Pontefract Baghill railway station is one of the three railway stations that serves the town of Pontefract, West Yorkshire, England. The other stations, Monkhill and Tanshelf, both lie on the Pontefract Line, while Baghill lies on the Dearne Valley Line   south of York towards Sheffield.

History 

The station was opened together with the Ferrybridge to Moorthorpe section of the Swinton and Knottingley Joint Railway. Public passenger train services began on 1 July 1879, freight traffic had already started by then. The design of the station followed basic principles of the North Eastern Railway, it was, however, larger than the other stations opened on the line at the same time.
Pontefract Baghill was also once linked to the Wakefield, Pontefract & Goole main line by means of a short chord to  near the intersection of the two lines as shown on the accompanying RCH map. This connection closed in November 1964, but the bay platform it once used at the northern end can still be made out.  Two short curves north of the station near Ferrybridge connect the Dearne Valley Line to the western end of Knottingley station westbound and the eastern end of Monkhill station (both on the Pontefract Line), but are now only in use for freight and diverted passenger services.
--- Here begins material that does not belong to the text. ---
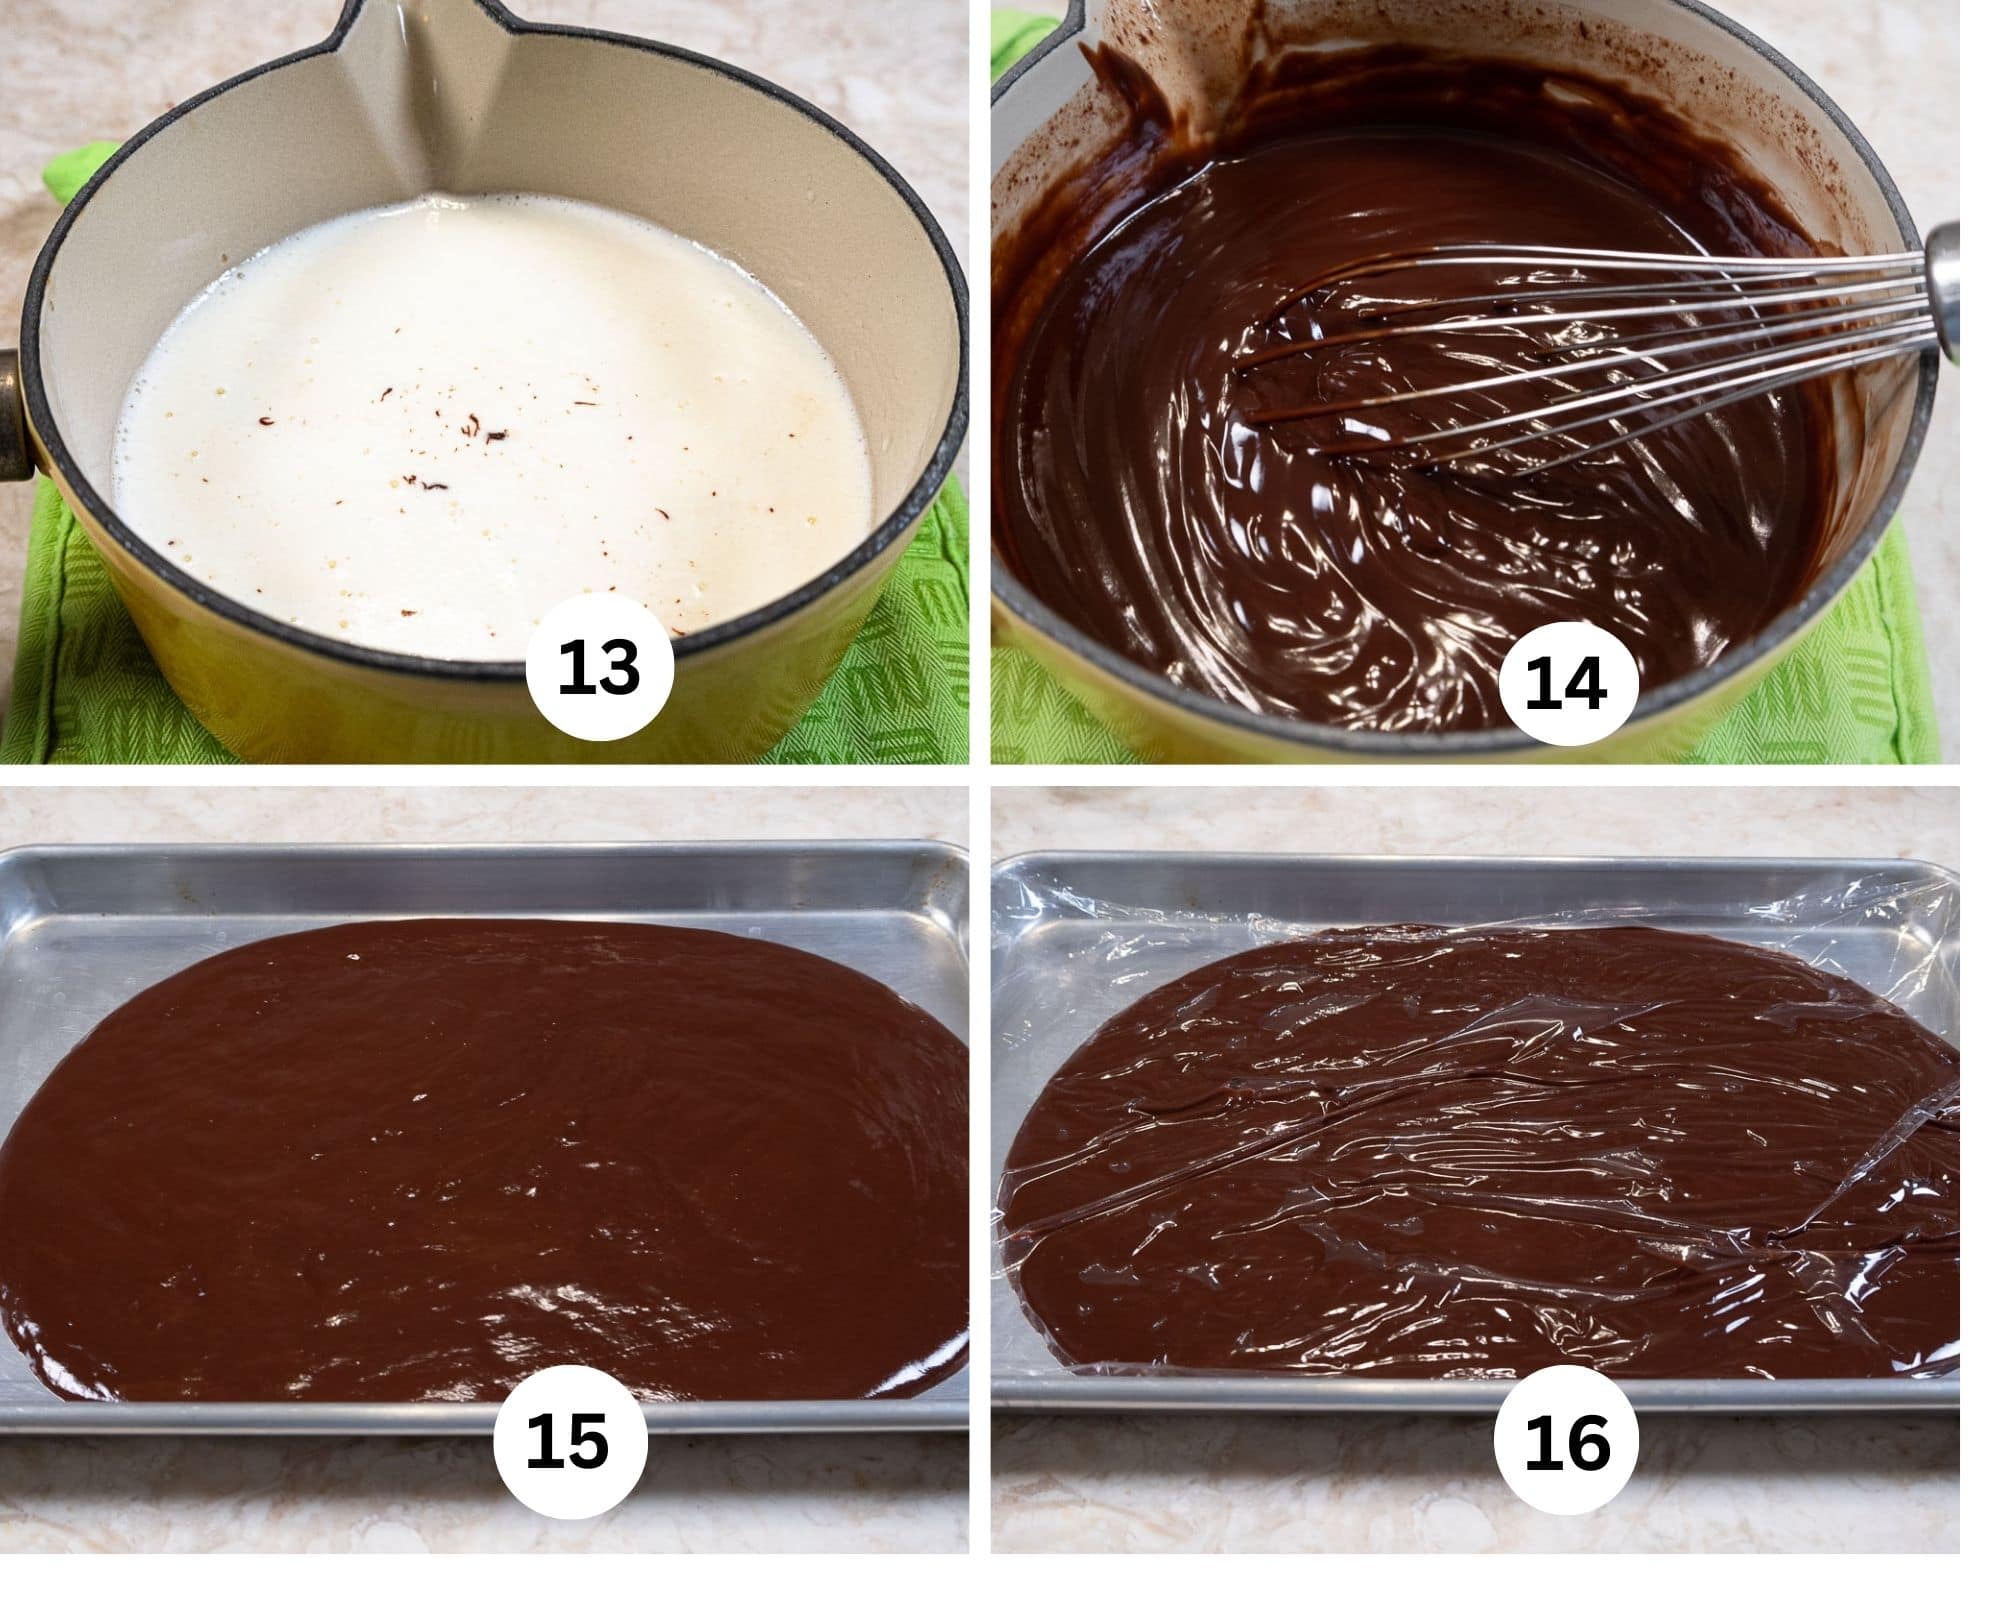 The chocolate is submerged under the cream, the cream and chocolate are whisked until smooth, the chocolate is spread on a pan, then covered with plastic wrap.

In the Strategic Rail Authority's 2002/3 financial year, only 15 people bought tickets for journeys from Pontefract Baghill station, and 21 bought tickets for journeys ending there, making it the sixth least busy station in the United Kingdom at that time. The annual usage in recent years is still considerably lower than that of Monkhill and Tanshelf stations.

Facilities
The station has very basic amenities - it is unstaffed and has no ticketing provision of any kind, so anyone travelling from here needs to buy their ticket on the train or in advance of travel.  The only other facilities offered are bench seating, a public telephone and timetable information posters (the old main building still stands but is in private use).  Step-free access is available to both platforms.  Neither platform has any shelter; though it is possible to wait under the passage in the former station building on the York bound platform.

Services 

The low level of usage can be attributed to there being only six trains each day (four on Sundays), three serving the station northbound to York and three southbound to Sheffield, at times that are not favourable to commuters.  Furthermore, the neighbouring cities of Leeds and Wakefield cannot be reached by direct services from the station.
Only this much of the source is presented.